I believe the answer is yes...but I think you risk upsetting the set up as it is. That is what has put me off adopting more to go with my bonded pair.


----------



## hazyreality

It can be done, I put a male in with my 2 females then added them to a male and female pair, all fairly easily. 
I am having alot of trouble at the moment as my 2 new "girls" turned out to be boy and girl and that makes 3 boys and 3 girls. 2 of the boys are just not getting along. 
I think 3 works fairly well pesonally and it sounds like they will have enough space, it just needs to be done carefully 

*Heidi*


----------



## Guest

The answer is yes  I have 2 bonded trio's (soon to be a group of 6 )

BUT, it all has to be done step by step otherwise you have the risk of splitting up the bond that your original pair have 

One tip:- Keep your pair and the new rabbit completely seperate (out of sight and smell) until the new rabbit has been neutered and all hormones have died down (6-8 weeks)
If the new rabbit is even in smelling distance you have the risk of the original bonded rabbits showing reffered aggression 

Once all hormones have died down you should be ready to start bonding.
At this stage you need a completely neutral area (somewhere none of the rabbits have been) the small the area the better tbh as it encourages them to cuddle rather than chase. (I use my bathroom for bonding as I have house rabbits, but you could put a dog crate in the garage or if you have a very cold room in the house that might be fine for outdoor rabbits )

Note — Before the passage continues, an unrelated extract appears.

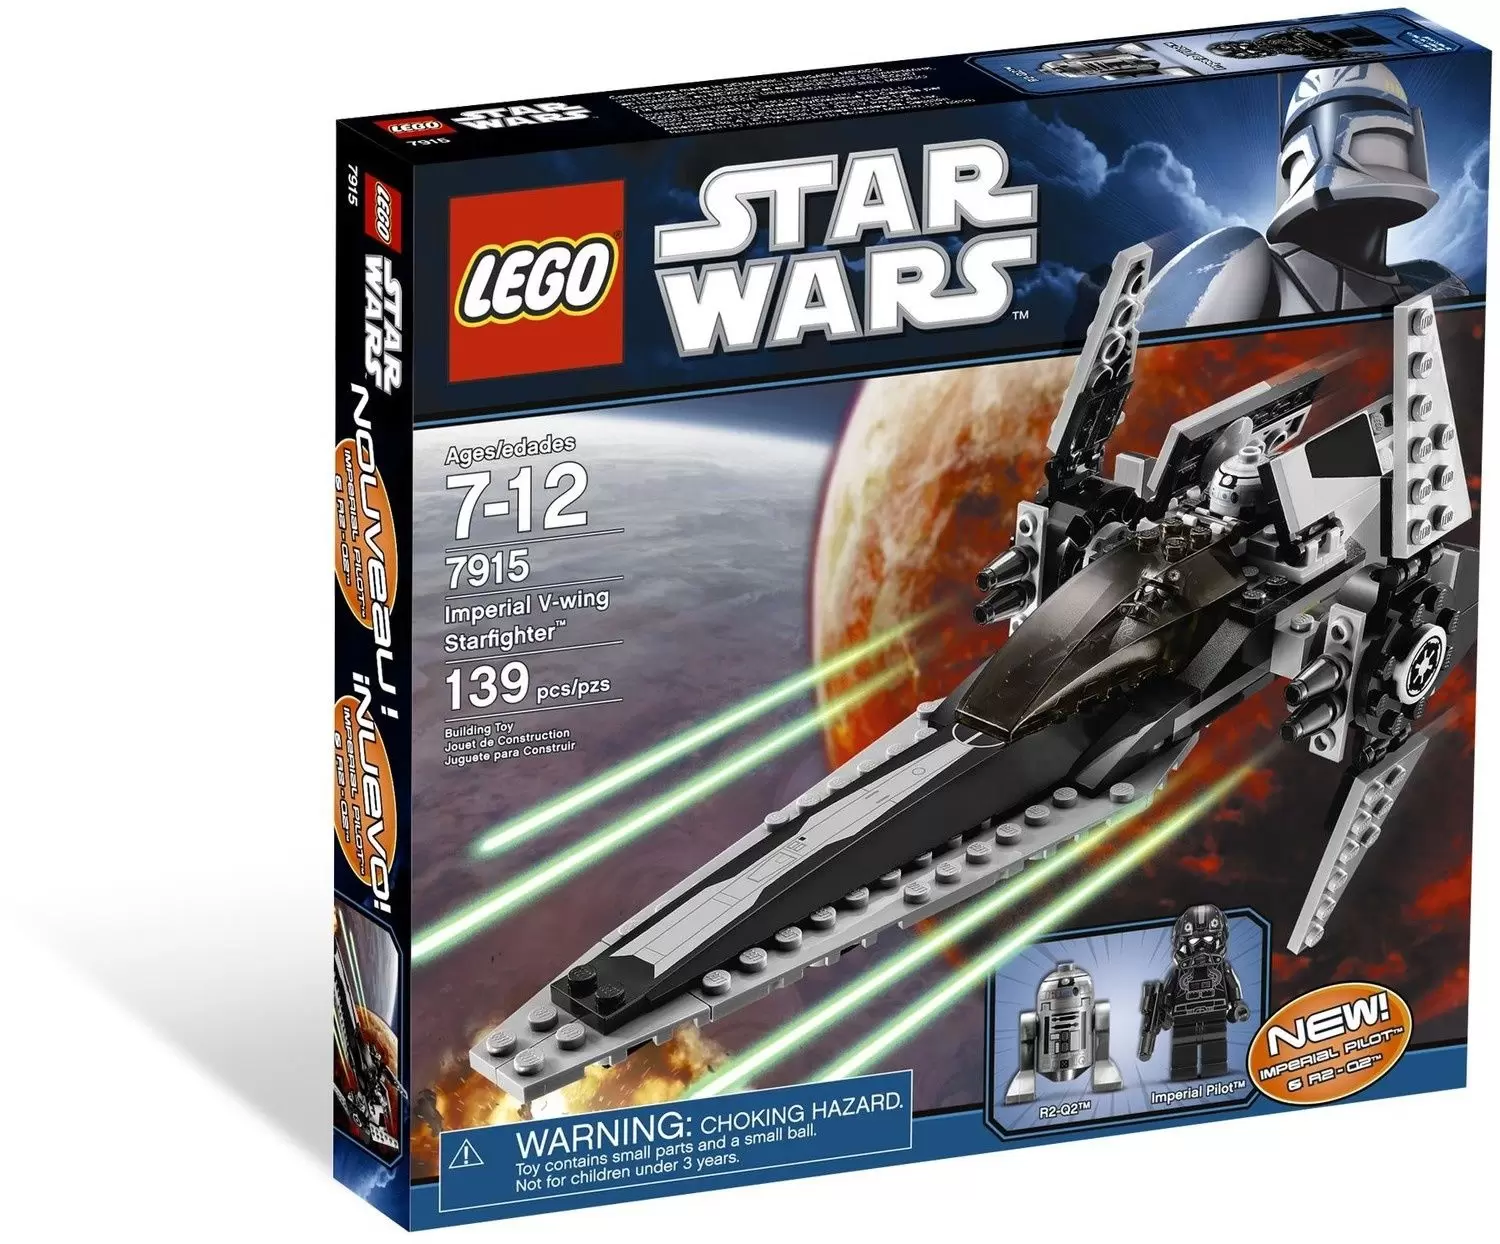 LEGO Star Wars - Imperial V-wing Starfighter

Any chasing humping and fur pulling is perfectly normal, but if any fights start I find squirting them with a bit of water distracts them enough, also being wet will encourage mutual grooming :thumbup:

Make sure you don't increase the area they have too soon as this can become territorial and it can encourage fighting 

Do NOT just put the new rabbit in your original rabbits shed, this will encourage them to fight as it is "theirs" and will be very territorial.


When you think the bond is complete (i.e you have seen grooming, cuddling and the chasing and fur pulling has stopped) you will need to completely neutralise the shed so it isn't "anyones" home (I find using hot water and white wine vinegar works really well for this)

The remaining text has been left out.